● Source information:
________________
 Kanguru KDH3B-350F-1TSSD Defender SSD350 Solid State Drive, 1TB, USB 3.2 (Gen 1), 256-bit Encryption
________________
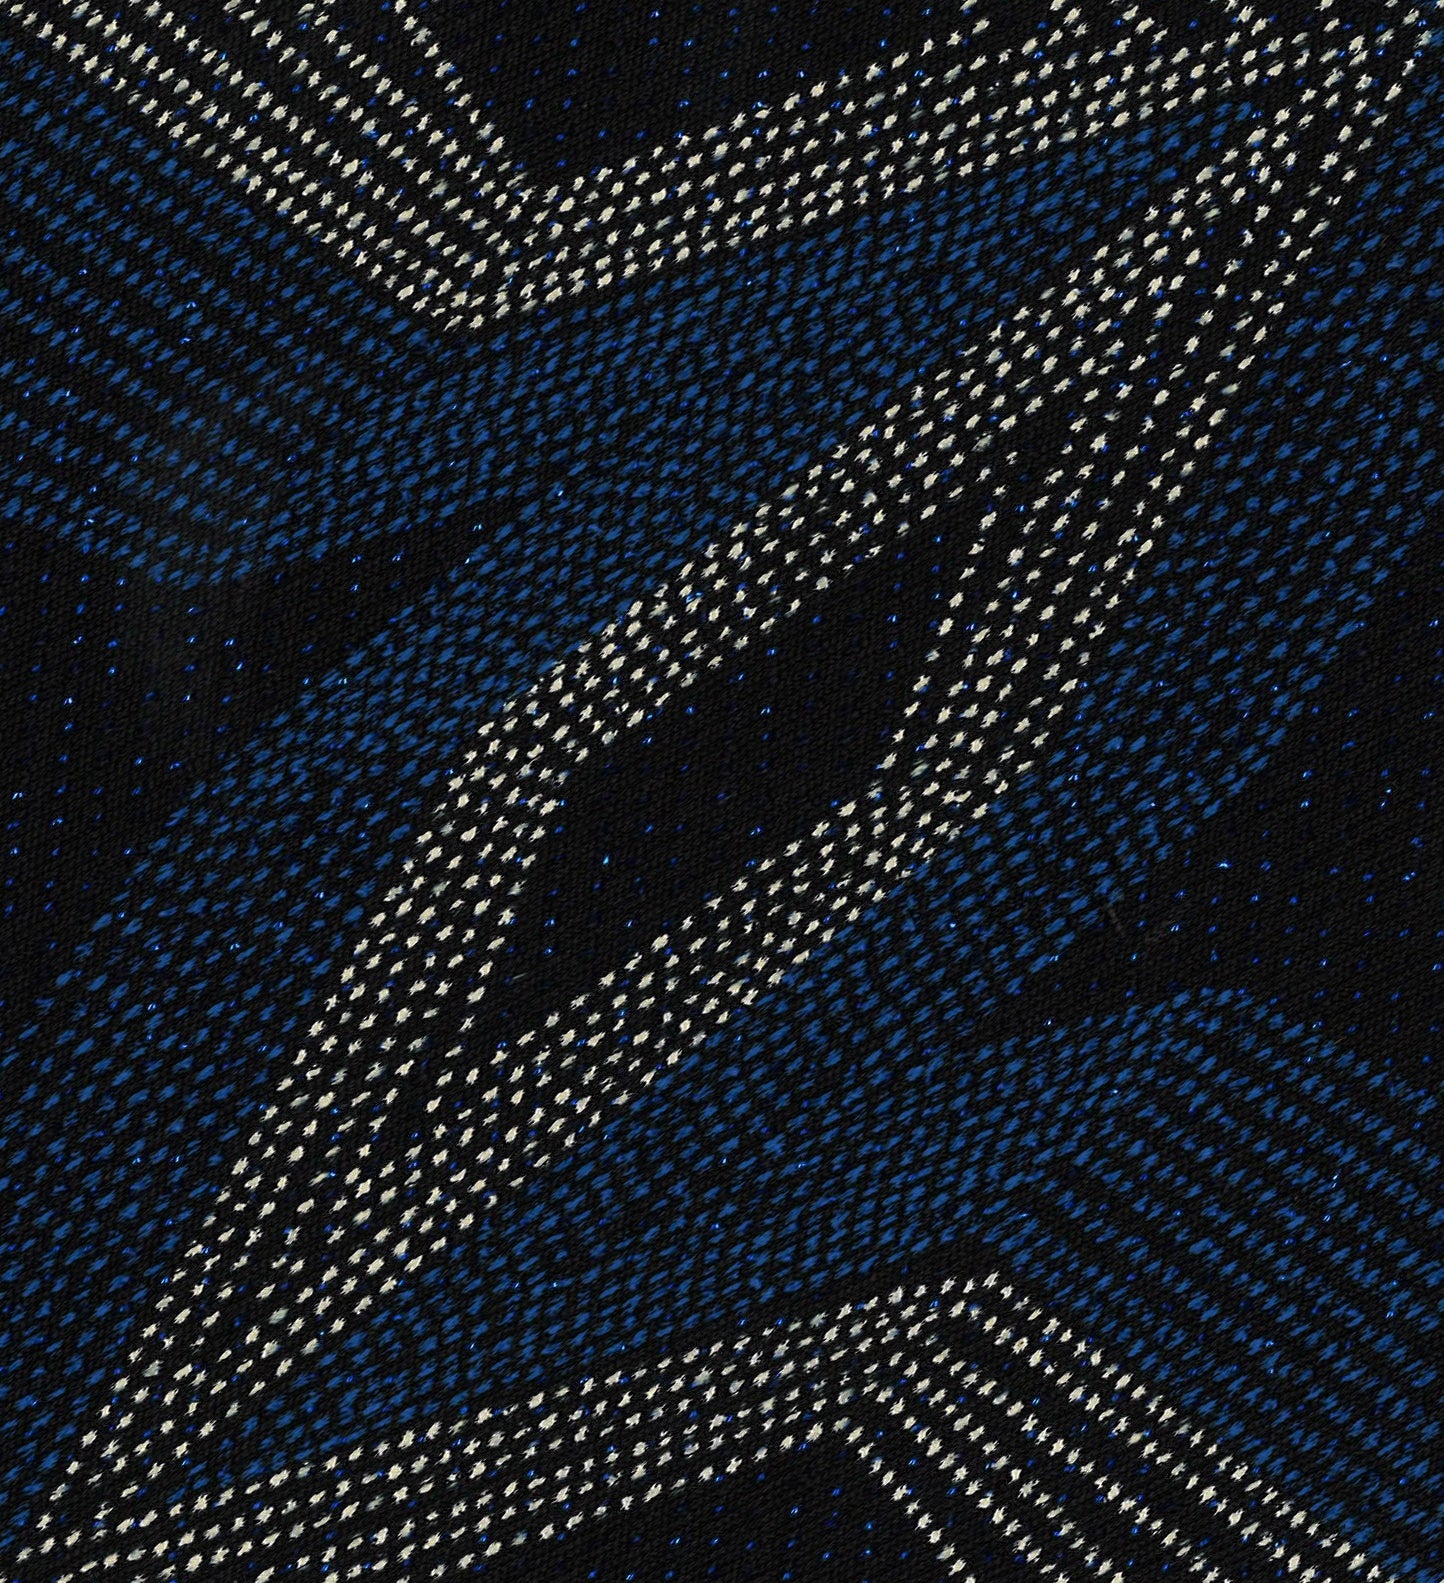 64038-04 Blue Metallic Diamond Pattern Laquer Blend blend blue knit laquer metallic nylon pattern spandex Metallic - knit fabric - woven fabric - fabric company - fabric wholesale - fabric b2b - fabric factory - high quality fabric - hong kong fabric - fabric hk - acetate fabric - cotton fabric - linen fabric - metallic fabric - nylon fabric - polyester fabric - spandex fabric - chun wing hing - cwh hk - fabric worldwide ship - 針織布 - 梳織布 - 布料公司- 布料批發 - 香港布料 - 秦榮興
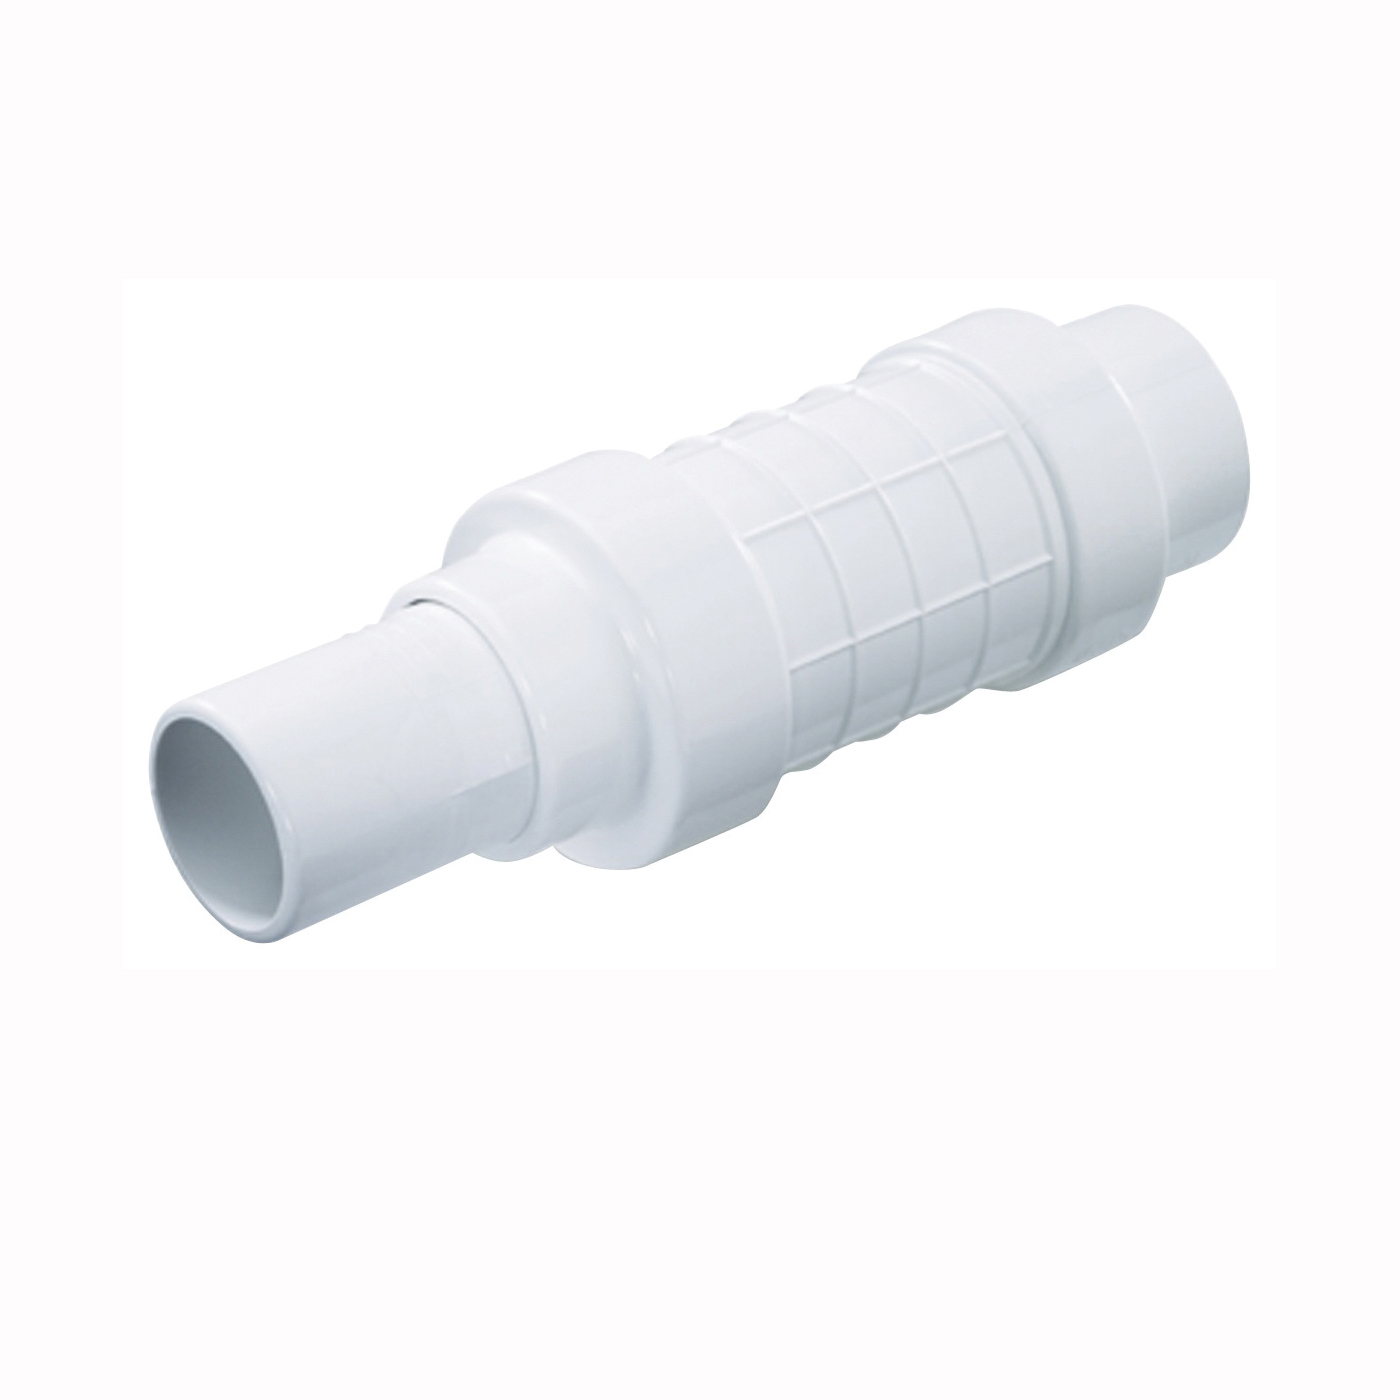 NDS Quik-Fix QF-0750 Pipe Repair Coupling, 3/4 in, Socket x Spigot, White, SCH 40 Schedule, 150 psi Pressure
________________
● Exercise requirements: Output only the lines above from the one containing "64038-04 Blue Metallic" to the one containing "NDS Quik-Fix QF-0750", both included, exactly as written and with no pictures.

● Answer to the problem:
 64038-04 Blue Metallic Diamond Pattern Laquer Blend blend blue knit laquer metallic nylon pattern spandex Metallic - knit fabric - woven fabric - fabric company - fabric wholesale - fabric b2b - fabric factory - high quality fabric - hong kong fabric - fabric hk - acetate fabric - cotton fabric - linen fabric - metallic fabric - nylon fabric - polyester fabric - spandex fabric - chun wing hing - cwh hk - fabric worldwide ship - 針織布 - 梳織布 - 布料公司- 布料批發 - 香港布料 - 秦榮興
 NDS Quik-Fix QF-0750 Pipe Repair Coupling, 3/4 in, Socket x Spigot, White, SCH 40 Schedule, 150 psi Pressure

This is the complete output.